* _The problem_:
Write the listing out again word for word. Pictures do not belong in the copy.

* _The data_:
..............................
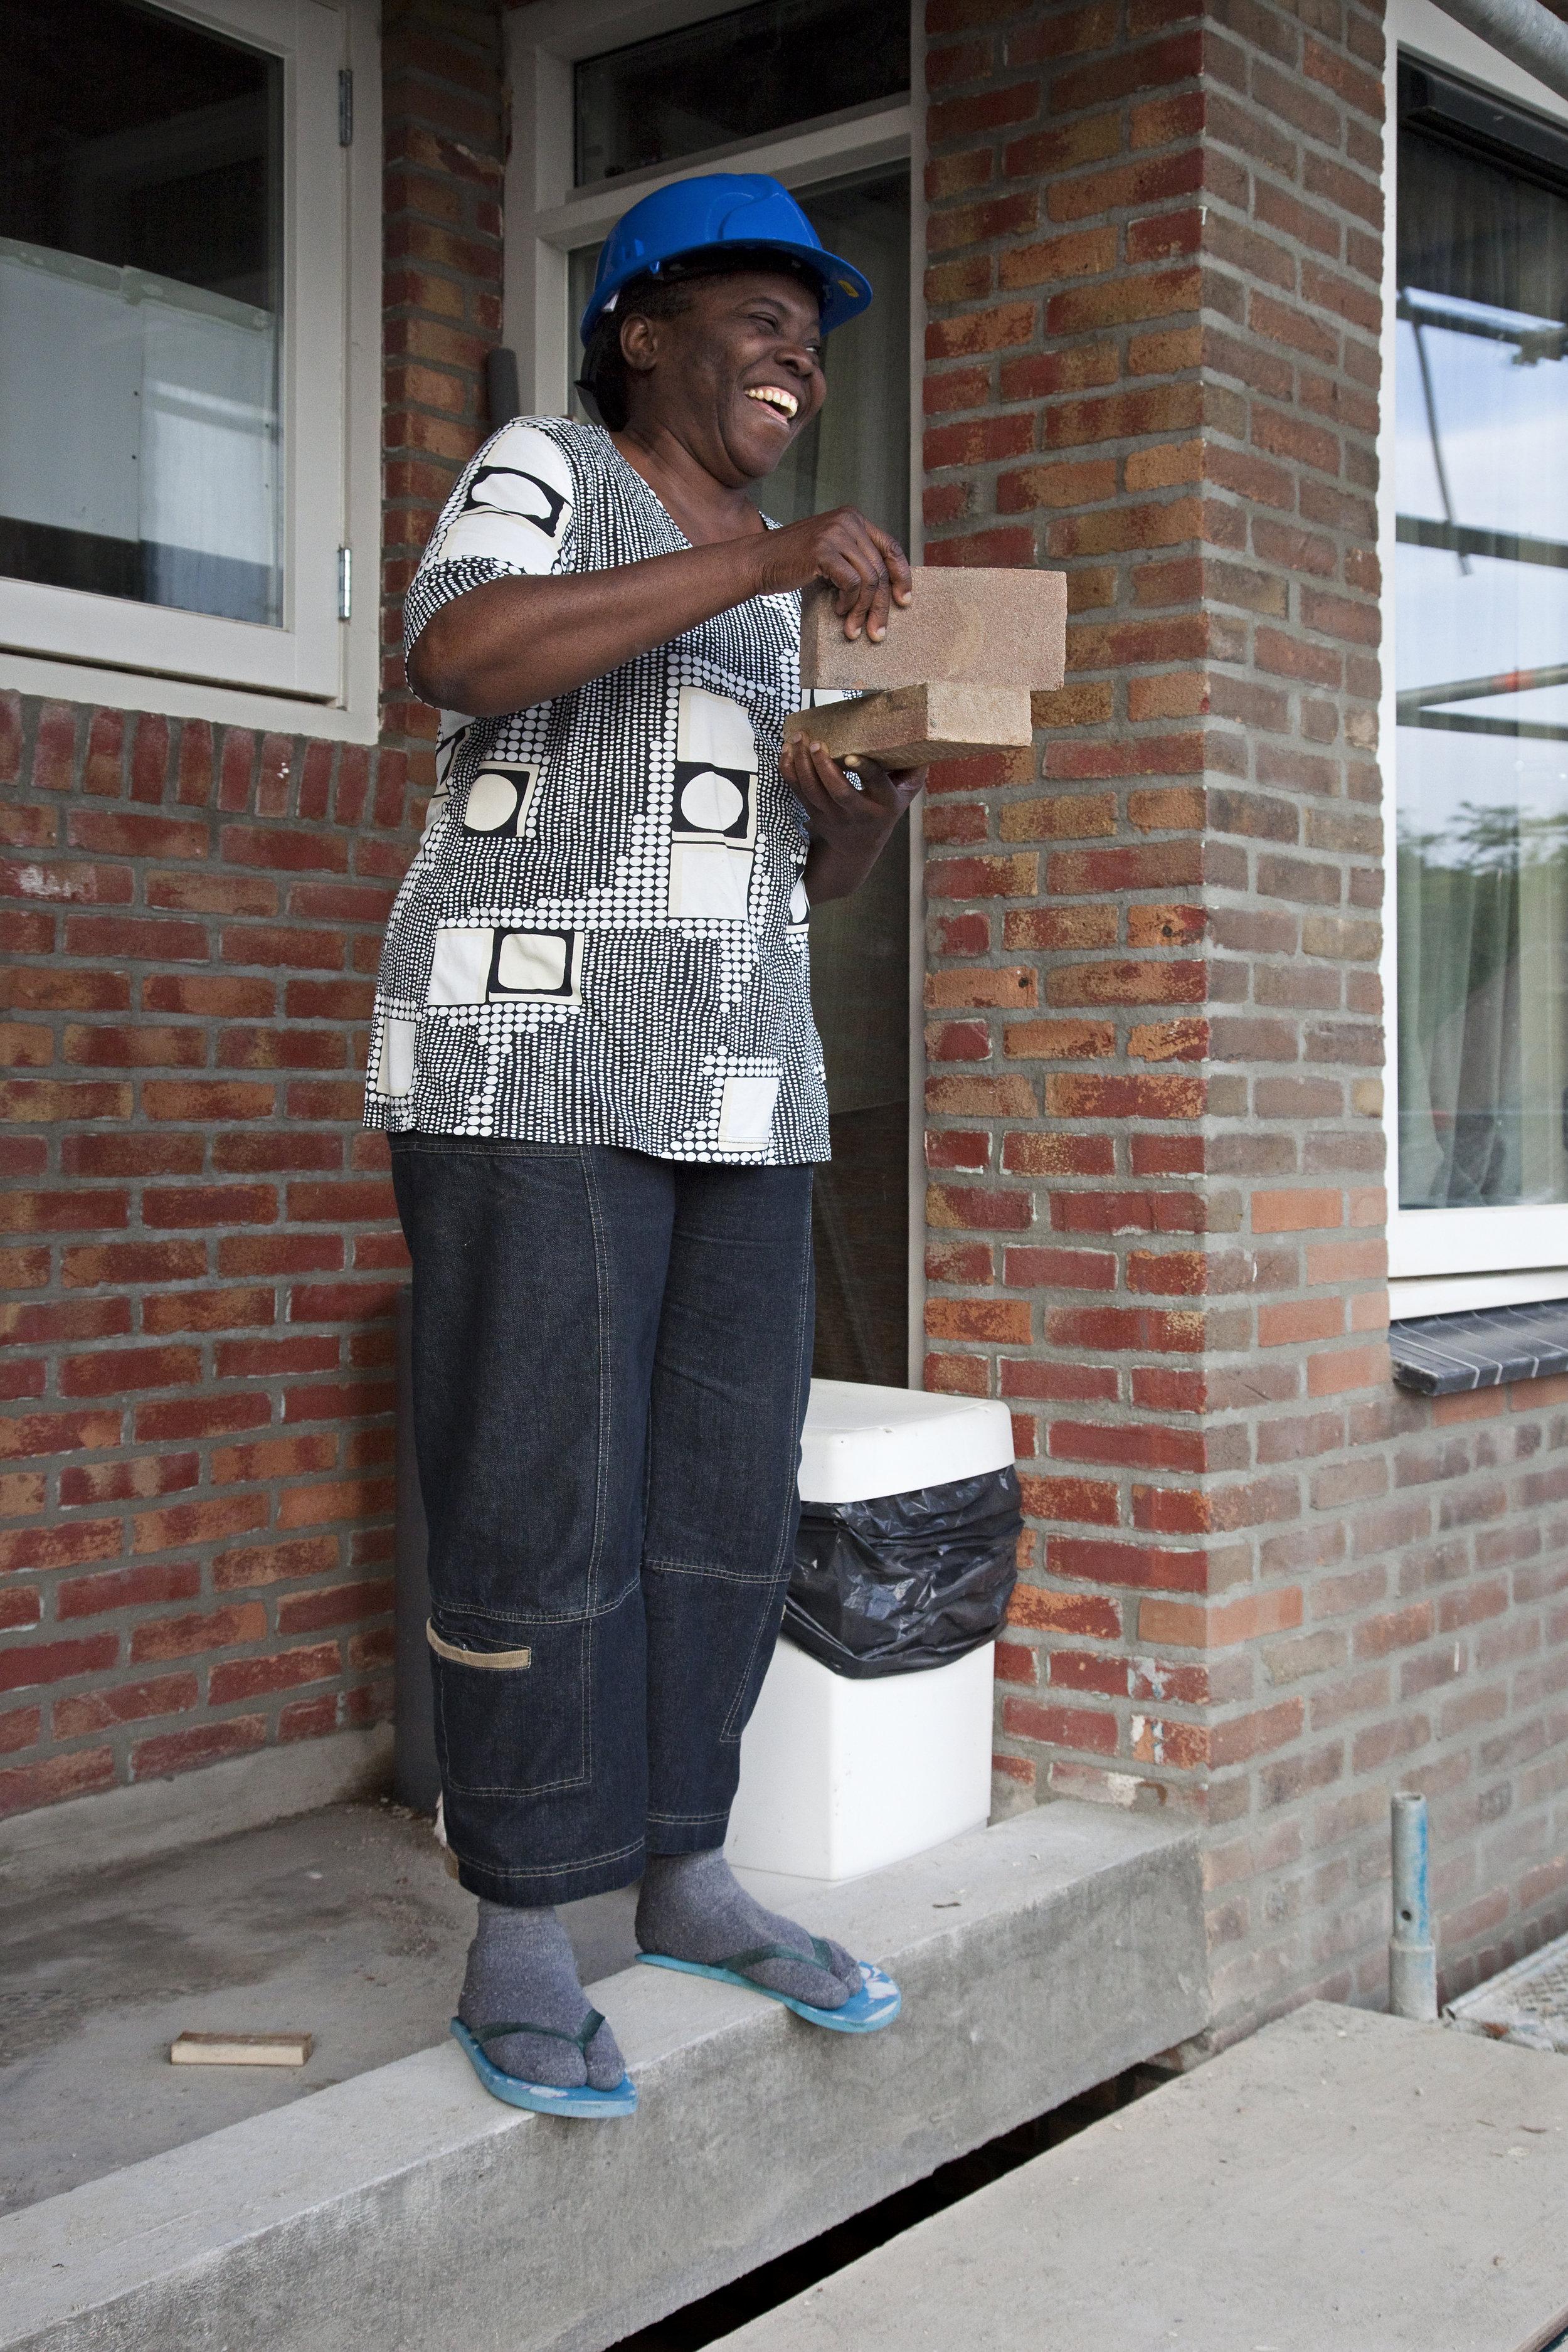 Brabant Wonen, portrettenreeks op ansichtkaarten n.a.v. grootschalig onderhoud 56 woningen
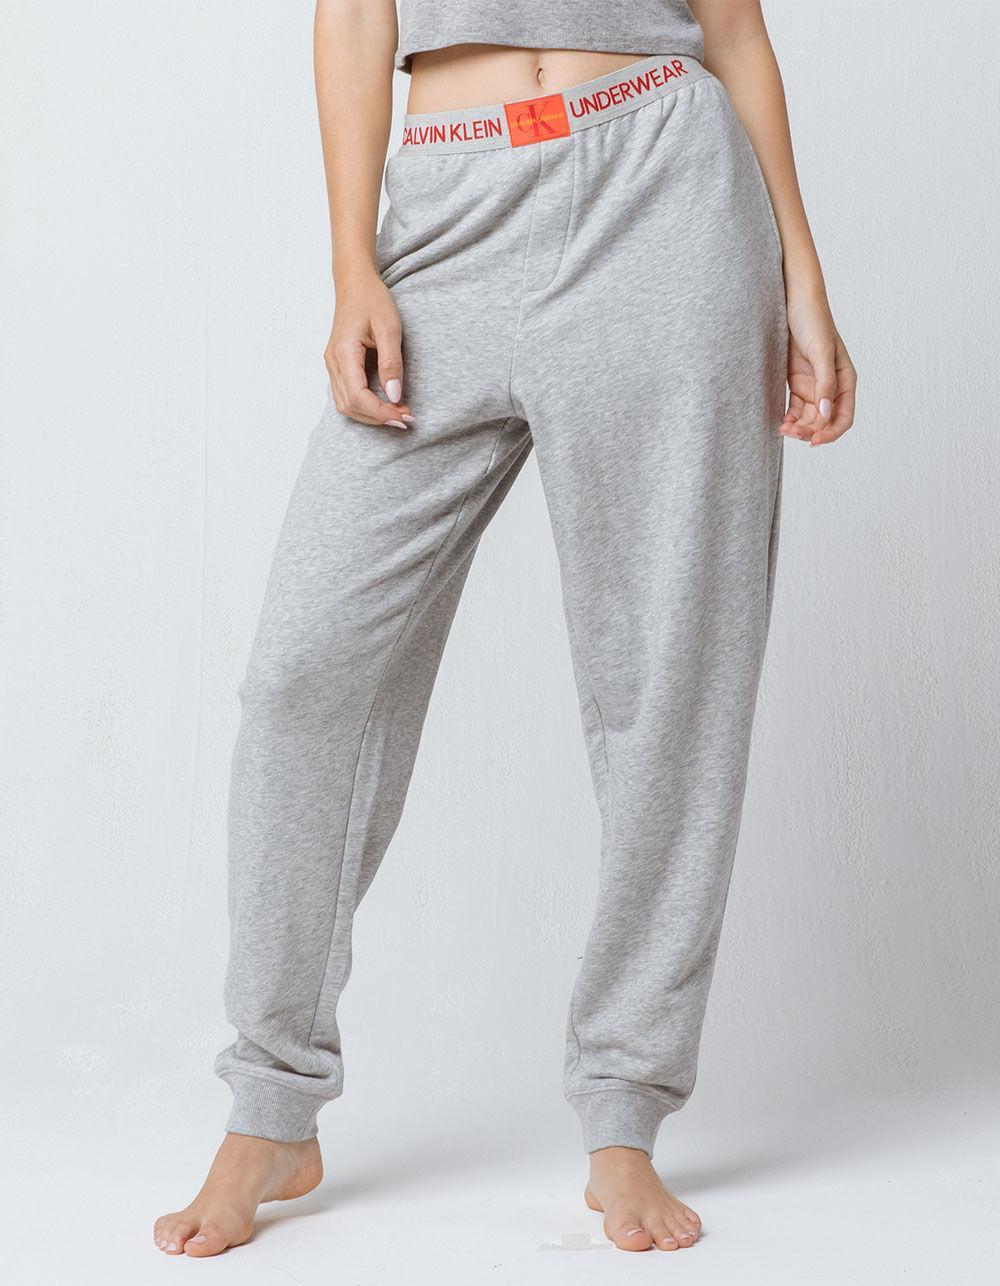 86ab9b8db92f2 Calvin Klein Monogram Logo Heather Gray Womens Jogger Pants in Black ...
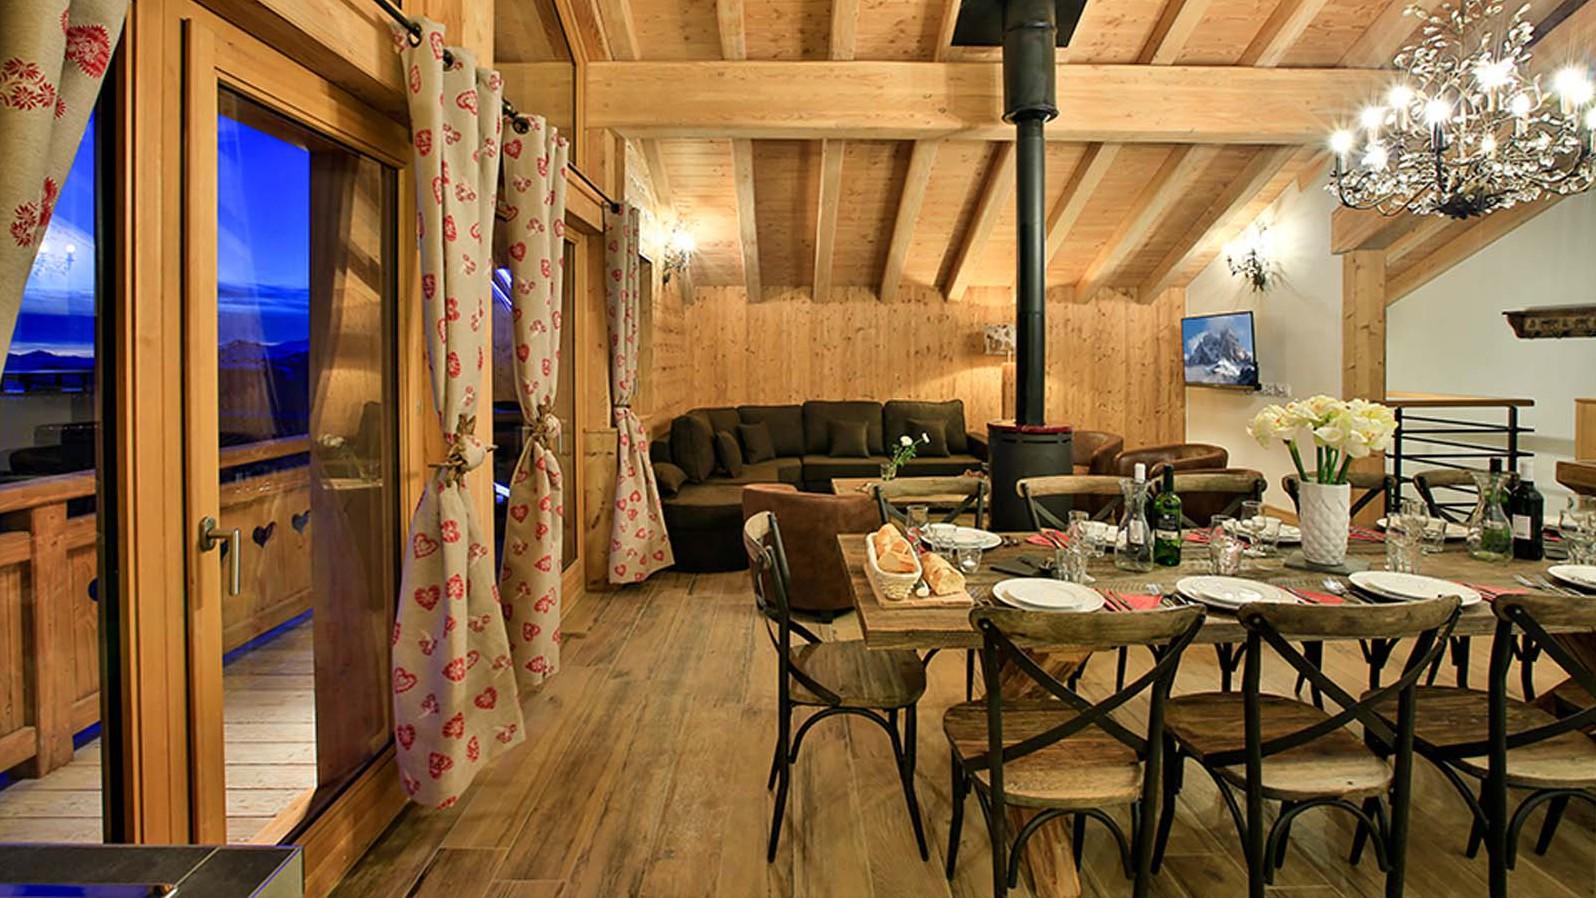 Dining Lounge - Chalet Hepatica - Ski Chalet in La Plagne, France
..............................
* _Answer box_:
 Brabant Wonen, portrettenreeks op ansichtkaarten n.a.v. grootschalig onderhoud 56 woningen
 86ab9b8db92f2 Calvin Klein Monogram Logo Heather Gray Womens Jogger Pants in Black ...
 Dining Lounge - Chalet Hepatica - Ski Chalet in La Plagne, France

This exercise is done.